Despite the fact that Google's revenue hit $50 billion last year and the brand became a verb years ago, it does seem strange that neither Leveson nor the Defamation Act 2013 have deeply scrutinised libel laws and procedures vis-a-vis ISPs. Hurst attributes it to a public awareness of only a small smattering of high-profile online defamation lawsuits like the Lord McAlpine/Sally Bercow case concerning Twitter; whereas the lion's share of cases relate to what might be deemed "trivial stuff about restaurants, hotels and small companies -- which may sound trivial in isolation but are significant en masse".

Yet, in our online-centric world, the trivial can have deep ramifications. Everything we put out there is potentially damaging -- because it is 'forever'. This harsh reality has daunted newspapers, like The Times, who have been fearful of defamation cases arising from content in their archives -- until now. The Defamation Act's 'single publication rule' limits a claimant to bringing only one action against a defendant when the defamatory statement is repeated (via for instance blogging and tweeting).

As game-changing as that might sound, in reality, this rule is unlikely to affect much: "Its main impact will be to give publishers who run archives a bit of comfort that they're not going to be sued over material from several years ago."

Hurst foresees lawyers challenging the single publication rule in instances where the content is anonymous or where greater prominence is given to material several years later.

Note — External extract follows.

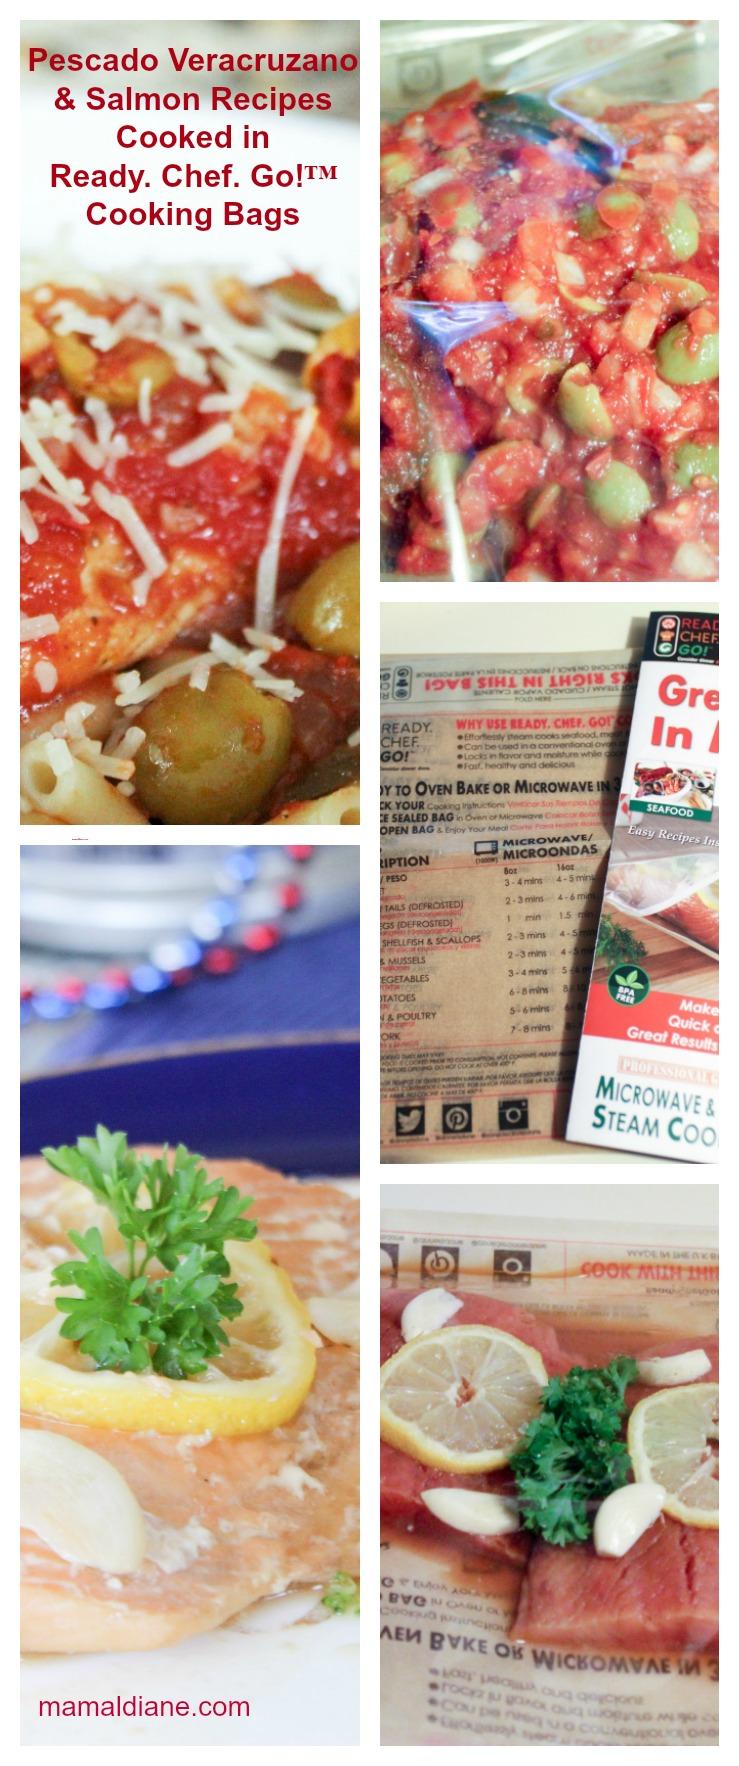 Pescado Veracruzano & Salmon Recipes Cooked in Ready. Chef. Go!™ Cooking Bags Collage

For example, a journalist seeking out very specific information might discover a dusty old low-profile posting and bring it to life via a tweet or blog posting -- causing reputation damage in the present.

In the end -- as Hurst has systematically reveals that the new Defamation Act may in fact have 'no clothes', so to speak -- one wonders what all the fuss has been about and if it will have an impact beyond the mere symbolic.

The lawyer acquiesces on one point: "The requirement for a company to show substantial financial harm [in order to bring a claim for defamation] is probably the most significant part of the Act". He predicts that "if companies try to sue for libel, defendants will probably run that defence more than they used to," which will almost certainly dissuade corporates from pursuing their claims.

This could be bad news for #26 on Forbes' Billionaires List, or should I more cautiously say the 'alleged #26'?